ST. FRANCIS “Without the loan repayment programs, it makes things a lot more difficult for recruiting,” said Les Lacy, administrator at the Cheyenne County Hospital in St. Francis.
St. Francis is 180 miles from Denver, 180 miles from Hays, and it is a 35-mile drive to the next closest hospital, not to mention the nearest Wal-Mart.
“Recruiting is so difficult we continue to recruit even when we’re full. We’re always trying to source candidates and establish relationships with people in residency programs,” Lacy said, explaining why he considers government incentives encouraging health care providers to work in rural areas so important. “These kinds of recruitment incentives are vital to us.”
New federal money included in the American Recovery and Reinvestment Act to expand current recruitment programs could help Lacy keep staff members
“We’ve got two physician assistants who have been here for a year or two, but because of the ARRA money and what’s happened with the National Health Service Corps, they’re both candidates for the loan repayment program now,” he said. “I’m really very pleased about that.”
The loan repayment programs help attract medical workers to places like St. Francis. But Lacy said he also tries hard to identify providers who grew up nearby or in similar rural areas.
“From a workforce perspective, it’s important to have people from this area in these training programs,” he said. “As time goes by and things get more difficult, and I think they will, it’s probably the only way we can get staffed. We can get people in here from outside of the area, but they typically don’t stay.
“Having someone here for two or three years may be the model we have to rely on, and it’s better than going without service, but by far the best thing is to have long-term stability with providers who live in the community.”
Continued support important
Dr. Rick Kellerman, chairman of the Department of Family and Community Medicine at the University of Kansas School of Medicine in Wichita, said state and federal loan repayment programs have been “quite effective” in attracting providers to rural and underserved areas.
“They haven’t solved the problem, but without them we’d be in a much worse position,” he said.
Kansas is already starting to see decreases in the number of providers in rural areas. It’s a problem that Kellerman and others anticipate will worsen in the next two to three years as a generation of the state’s current physicians reach retirement age.
Retirement wave coming
“We are seeing, at least in family medicine, that the ages of our doctors parallel baby boomers,” he said. “Within the next two to three years we will see an increasing number of retiring family physicians. We’ve already seen this happen as they approach age 65. Several have reported slowing down.

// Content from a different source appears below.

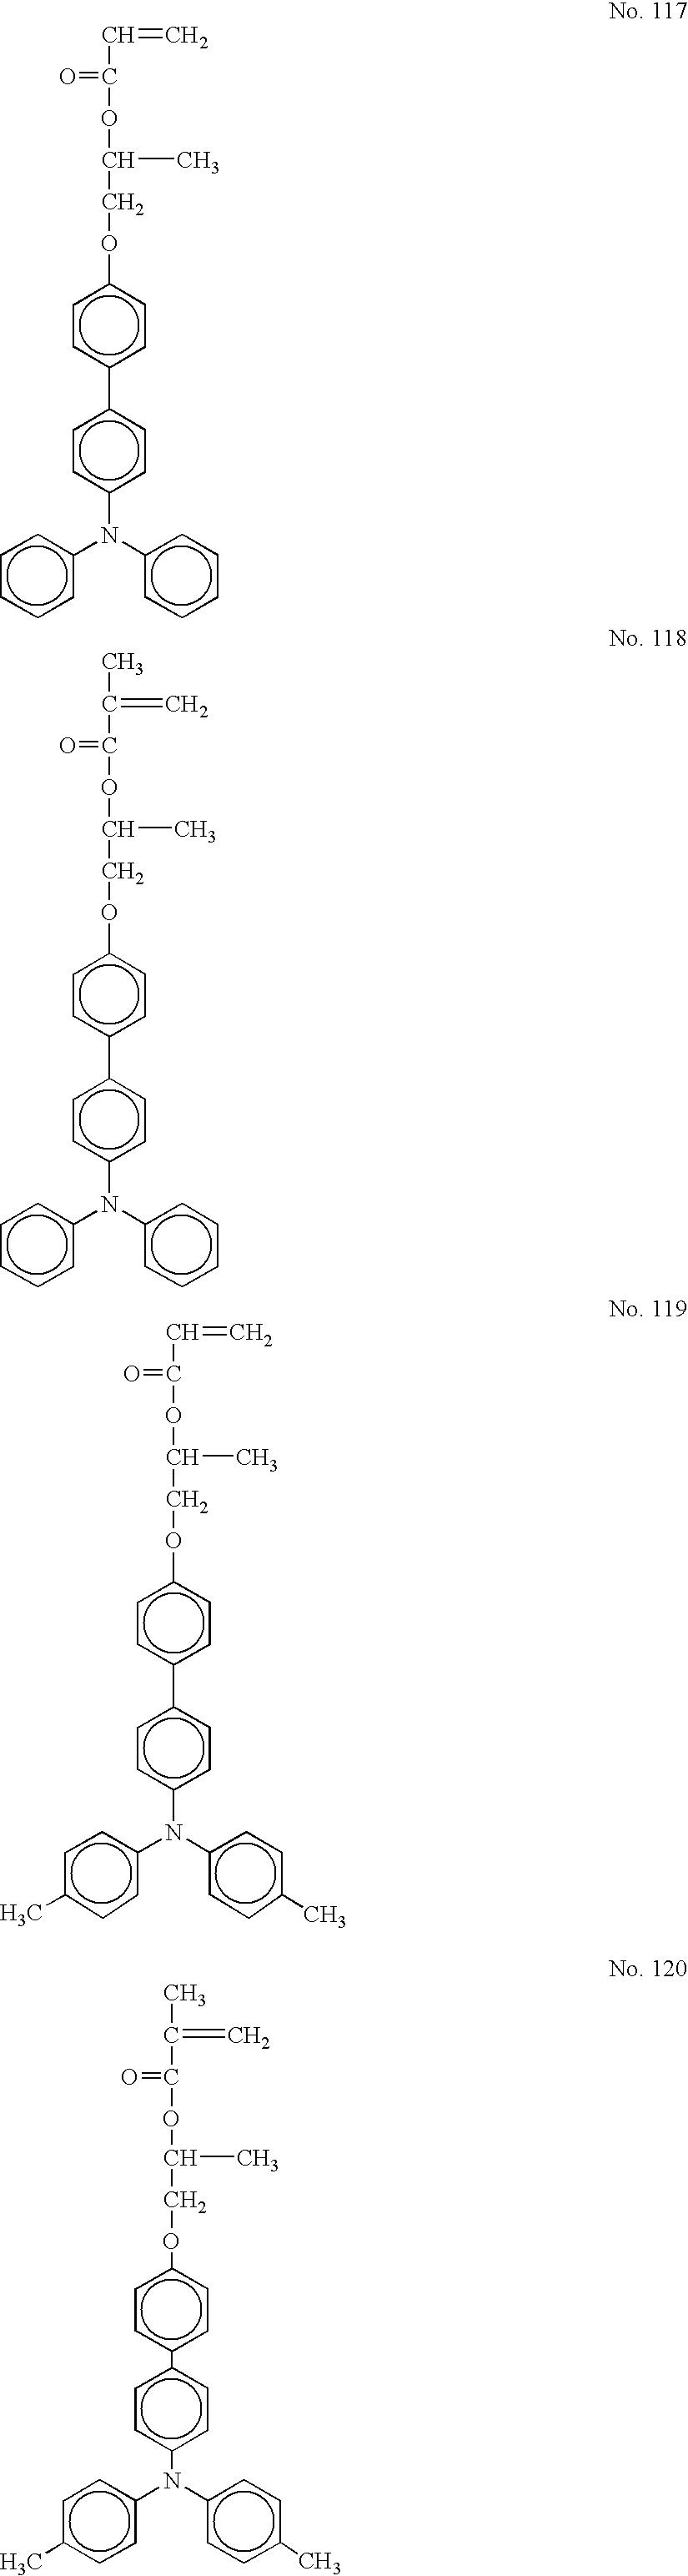 Figure US20070059619A1-20070315-C00040
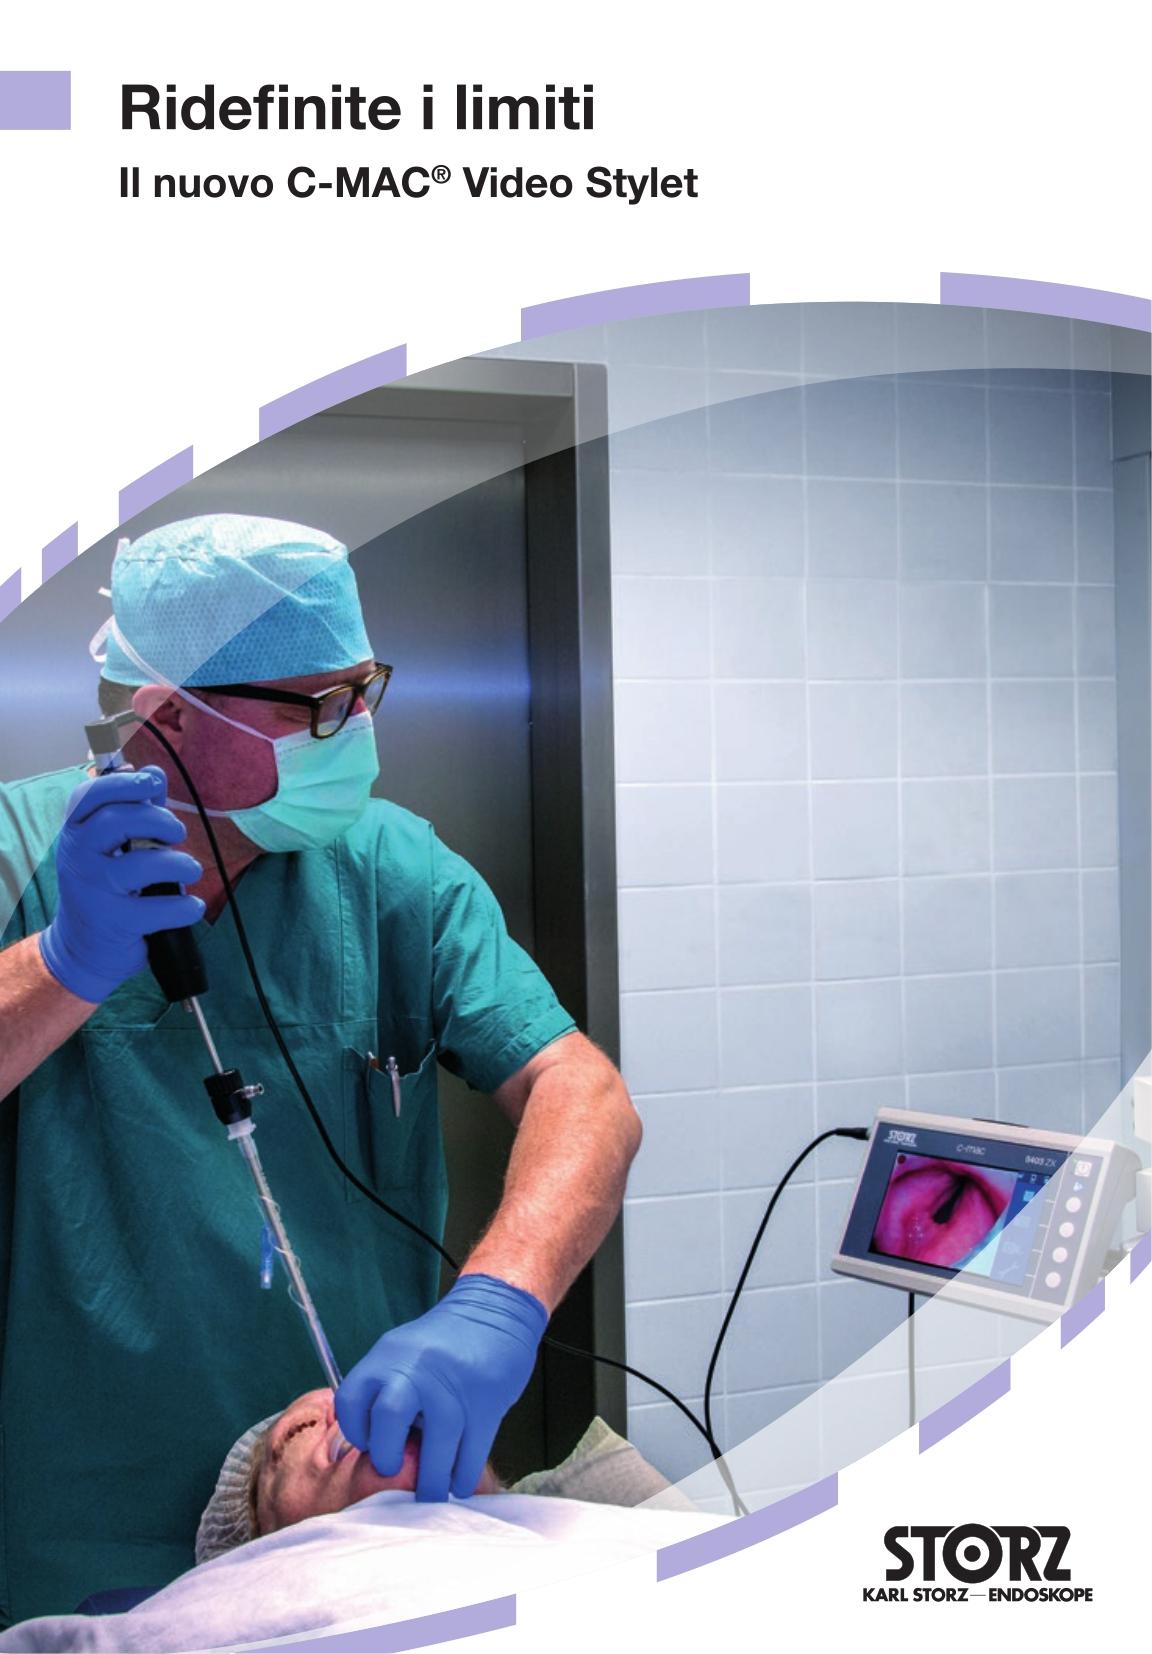 Anestesia e medicina d'emergenza - Ridefinite i limiti – Il nuovo C-MAC® Video Stylet

“We’re very concerned about it, particularly in rural areas. The first wave of baby boomer physicians has started to hit (retirement),” he said, “and we expect that to continue into the next few years.”
And even as retirement approaches for many Kansas providers, the slumping economy is putting new pressures on some of the facilities, such as safety net clinics, that are most reliant on workers funneled to them by the incentive programs,
“Especially in times like these, the numbers (of safety net patients) are going to keep going up,” said Robert Stiles, director of the Primary Care Office at the Kansas Department of Health and Environment’s Bureau of Local and Rural Health. “These clinics are really struggling to meet the increasing needs created by a difficult economy.”
Stiles’ office is getting another boost thanks to an ARRA-funded program. For each of the next three years it will receive $37,795 from a separate ARRA-funded HRSA program at the federal Health Resources and Services Administration. The money will be used to hire a part-time employee to help recruit health care providers.